Era l’una e quarantasette.
Lo so perché quando non riesco a dormire guardo sempre l’orario.
Come se il tempo, visto in numeri, facesse meno paura.
La casa era in silenzio.
Quel silenzio pieno, che di notte sembra più grande delle stanze.
Il monitor del computer era ancora acceso.
Una pagina bianca davanti.
Il cursore lampeggiava.
Paziente. Ostinato.
— Non scrivi?
La voce arrivò senza suono.
Non veniva dalla stanza. Veniva da dentro.
— Sto pensando.
— È quello che dici sempre quando non vuoi ammettere che sei stanco.
Sospirai.
— Non sono stanco.
— Sei stanco di essere forte.
Mi voltai verso la finestra.
La città dormiva. Io no.
— Non sono forte.
— Davvero? Tutti ti vedono così.
Sorrisi. Quella specie di sorriso che uso quando non voglio discutere.
— La gente vede quello che faccio. Non quello che temo.
— E cosa temi?
Silenzio.
La macchina della respirazione faceva il suo rumore regolare.
Un suono che negli anni è diventato quasi un metronomo della mia vita.
— Temo il giorno in cui non avrò più chi mi tiene in piedi.
La frase rimase sospesa.
Era la prima vera.
— E pensi che la forza serva a evitarlo?
— No.
— Allora a cosa serve?
Guardai le mie mani.
Così ferme. Così testarde.
— Serve a non far preoccupare gli altri.
— O a non guardarti dentro?
La domanda bruciò più del previsto.
— Se mi fermo, crollo.
— No. Se ti fermi, senti.
Il cursore continuava a lampeggiare.
— Non posso permettermi di sentire sempre tutto.
— Nessuno può.

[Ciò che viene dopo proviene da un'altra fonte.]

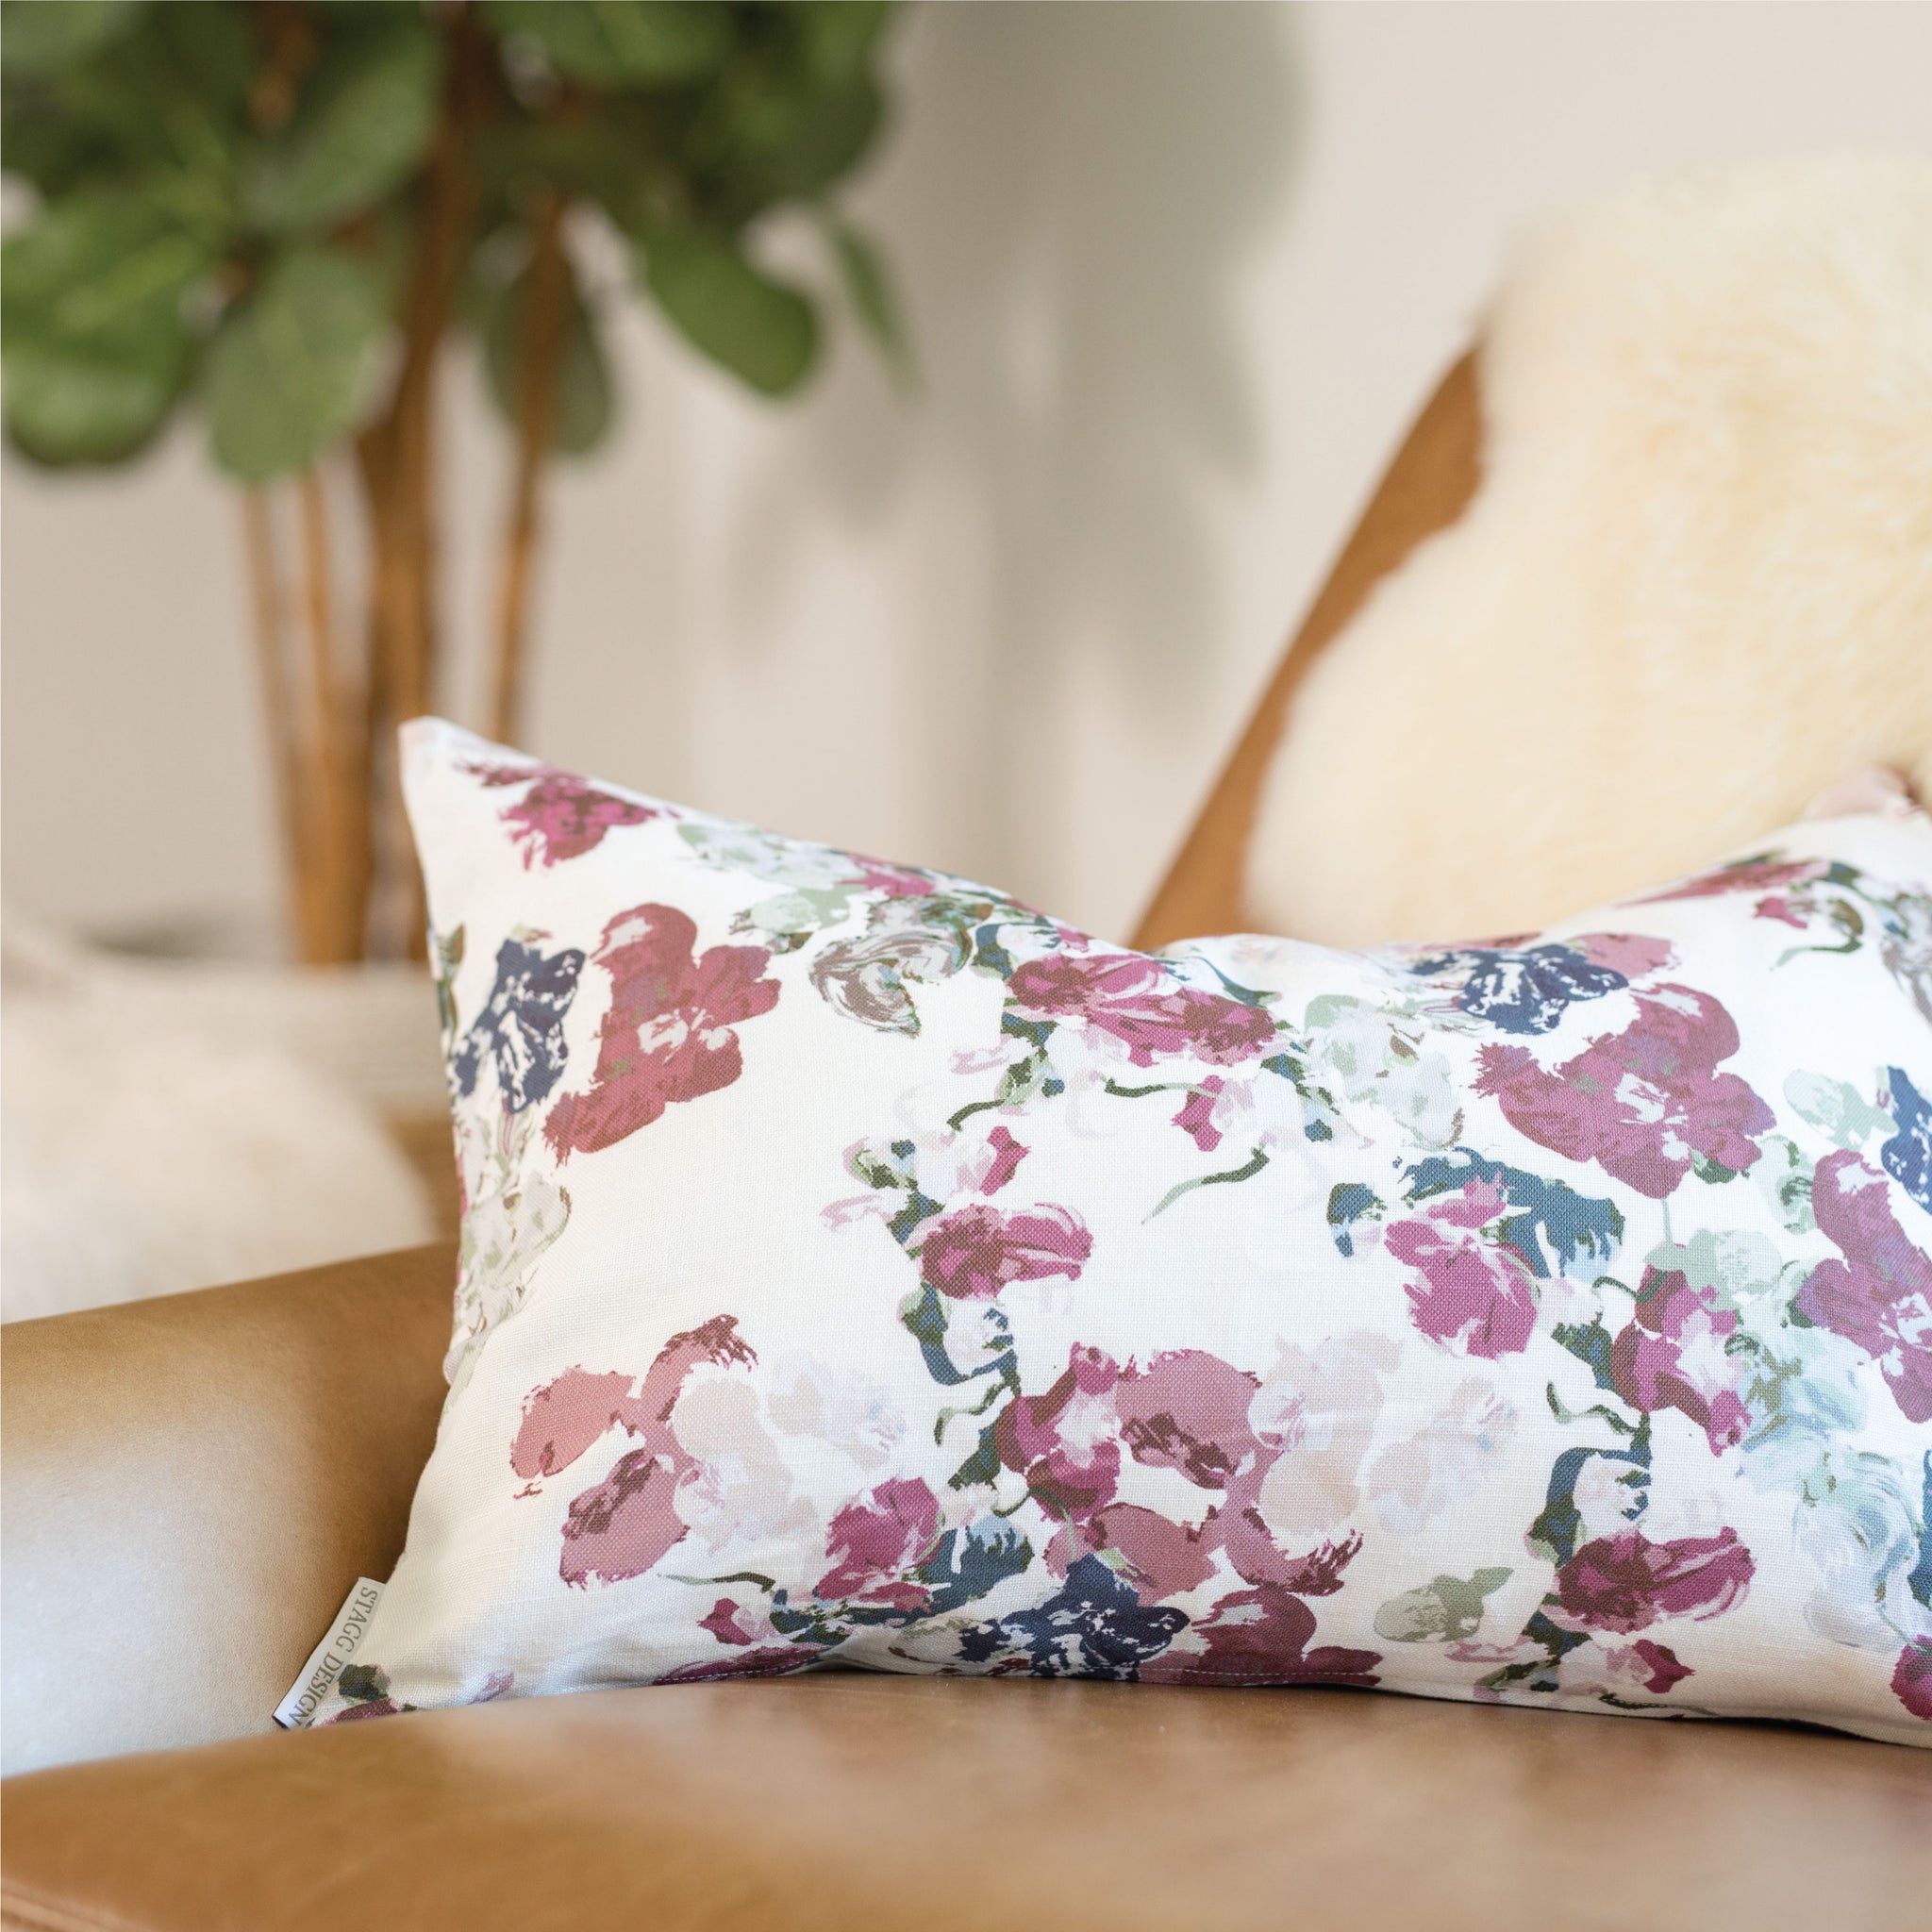 Anna Floral Pillow - Currant

Ma tu non ti concedi nemmeno un margine.
Respirai più lentamente.
— Se un giorno mancasse chi mi sostiene, io cosa diventerei?

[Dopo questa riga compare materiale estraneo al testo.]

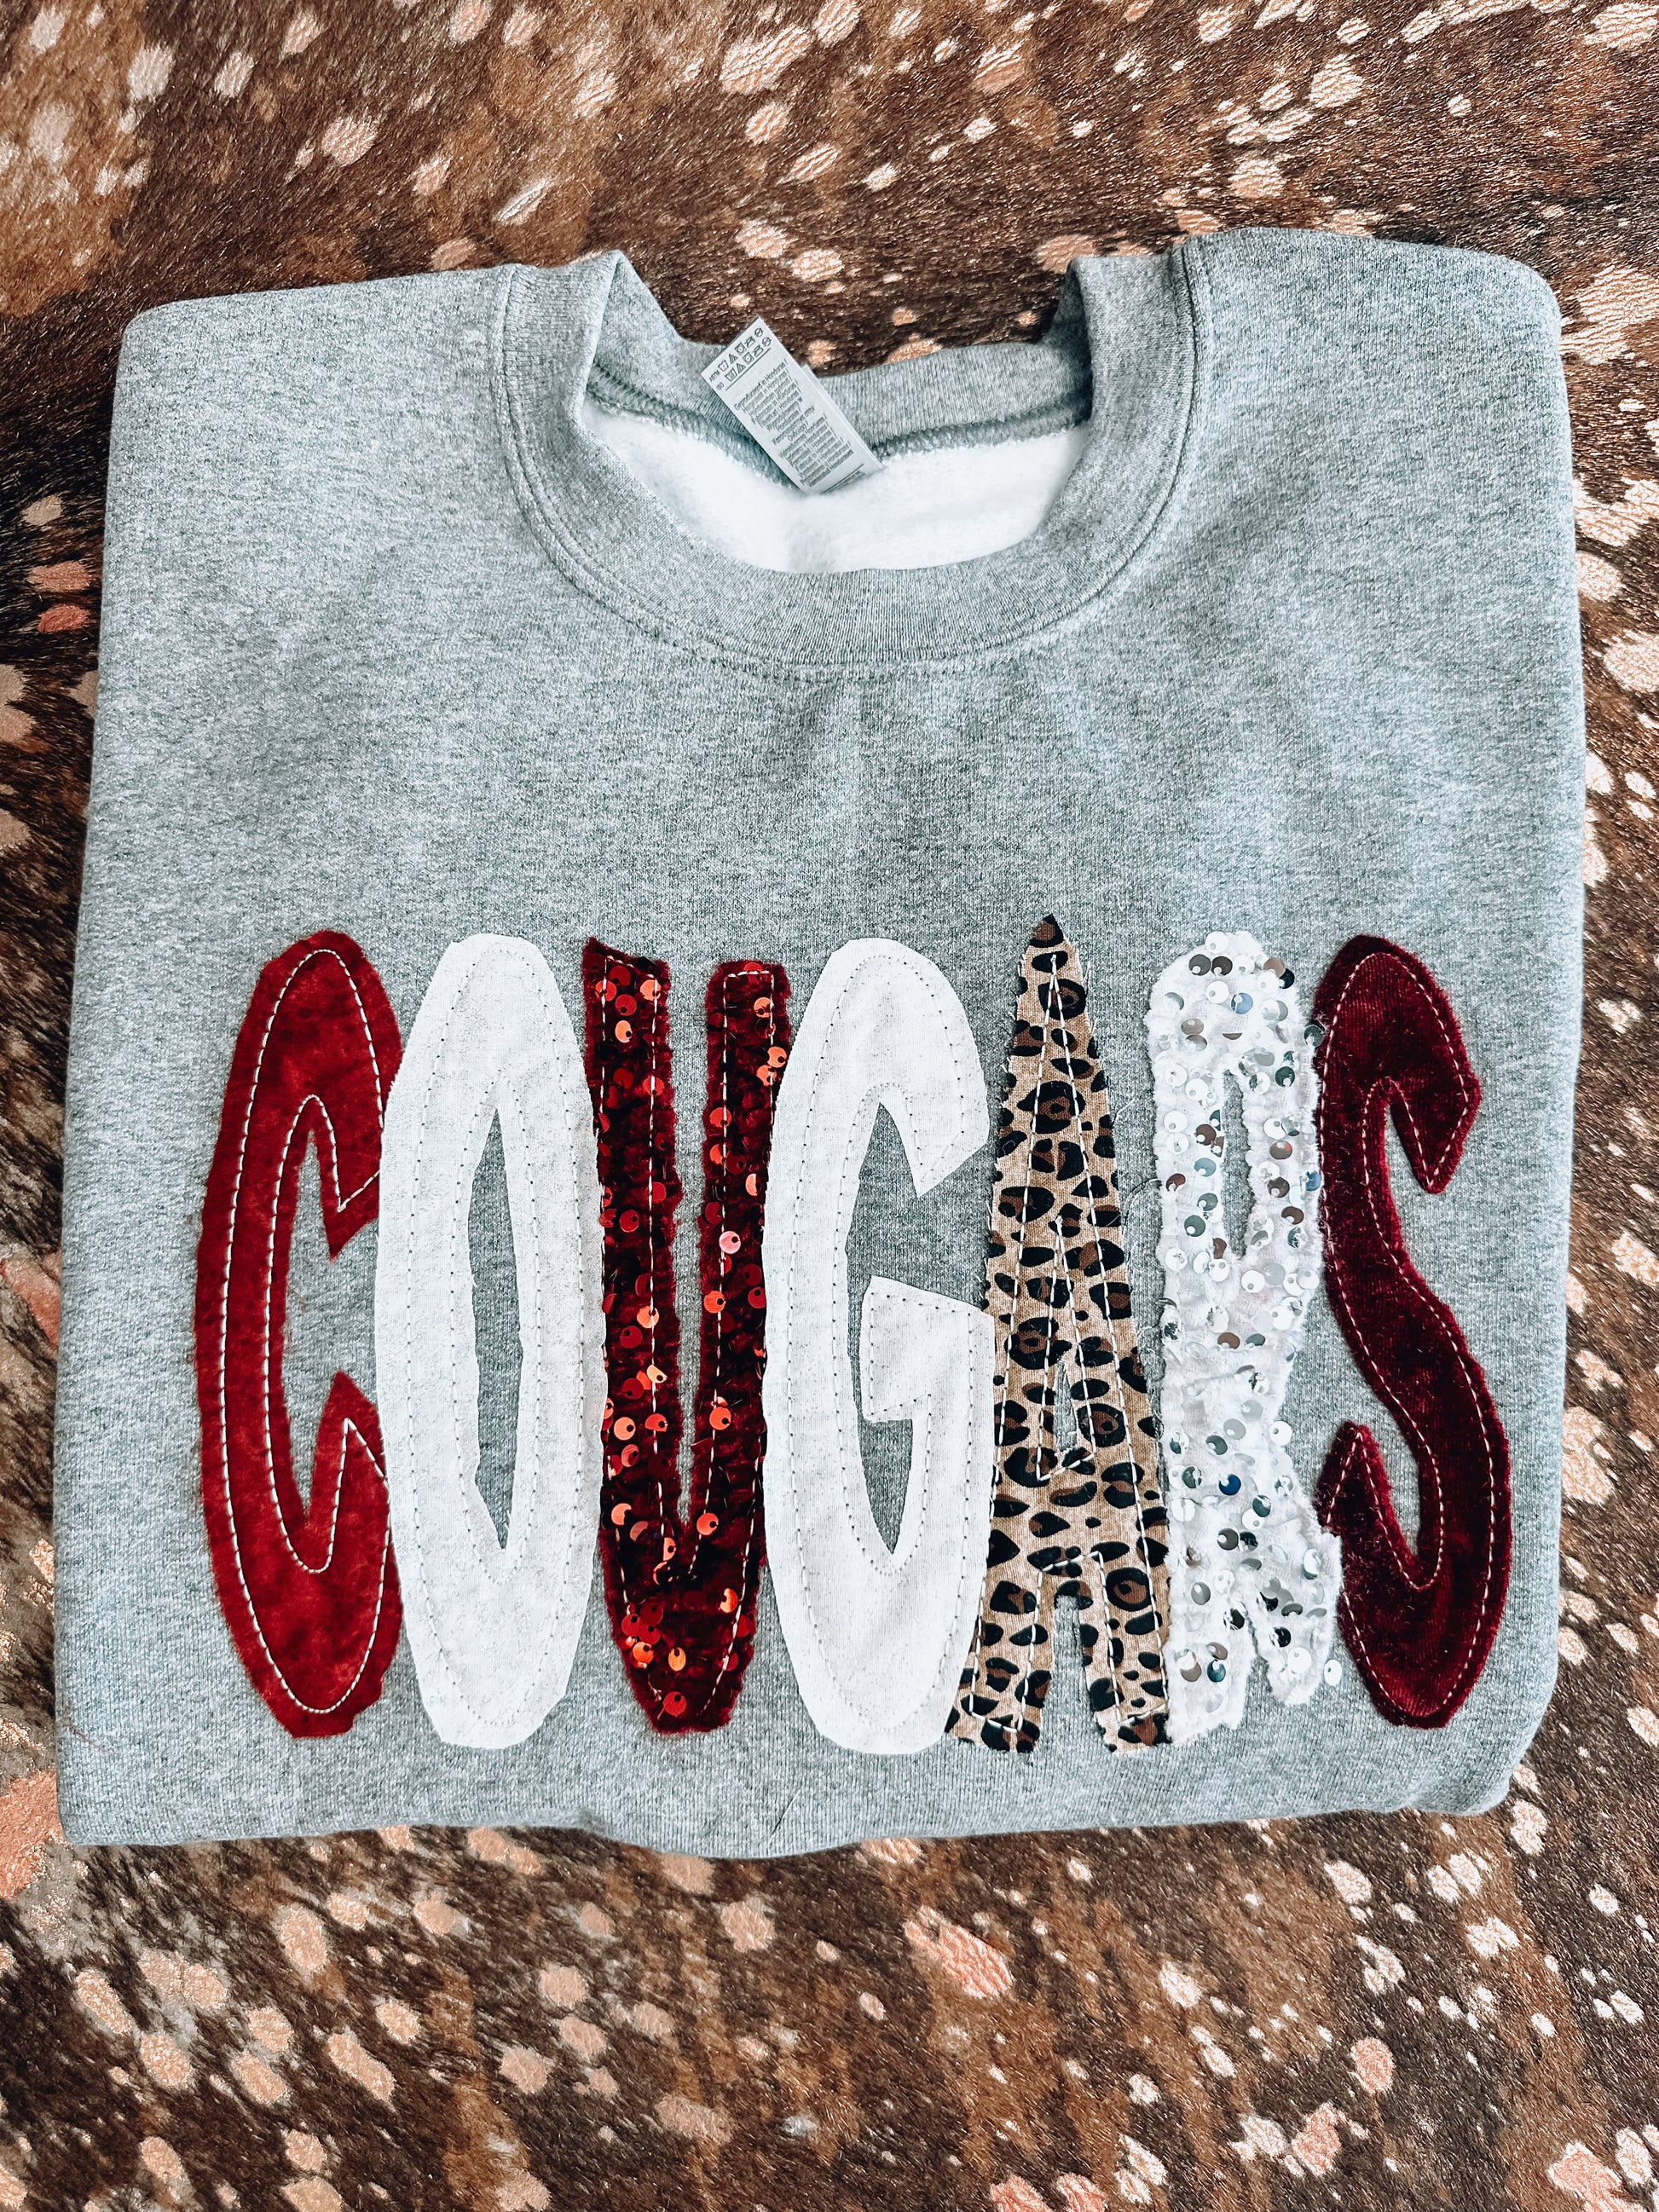 Cougar Sweatshirt - Southern Divas Boutique

— Diventeresti quello che sei sempre stato.
— E cioè?
— Uno che ha paura. E che va avanti lo stesso.
Chiusi gli occhi.
— Non voglio deludere nessuno.
— E chi ti ha chiesto di essere un monumento?
La stanza sembrava più piccola.
O forse ero io che mi stavo togliendo un pezzo di corazza.
— Io non sono indistruttibile.
— Lo so.
— Ho paura.
— Lo so.
— E qualche volta mi sento fragile.
— Finalmente.
Aprii gli occhi.
— Chi sei tu?
— Sono quello che eri quando non avevi ancora imparato a nasconderti.
— O quello che sarò?
— Sono quello che ti ricorda che essere forte non significa essere di pietra.
Il cursore si fermò.
Avevo iniziato a scrivere.
— Allora dimmi una cosa.
— Cosa?
— Se smetto di sembrare forte… resto qualcuno?
La risposta arrivò senza esitazione.
— Resti vero.
Erano l’una e cinquantotto.
Il tempo era passato.
Io no.
Ma qualcosa dentro aveva smesso di trattenere il respiro.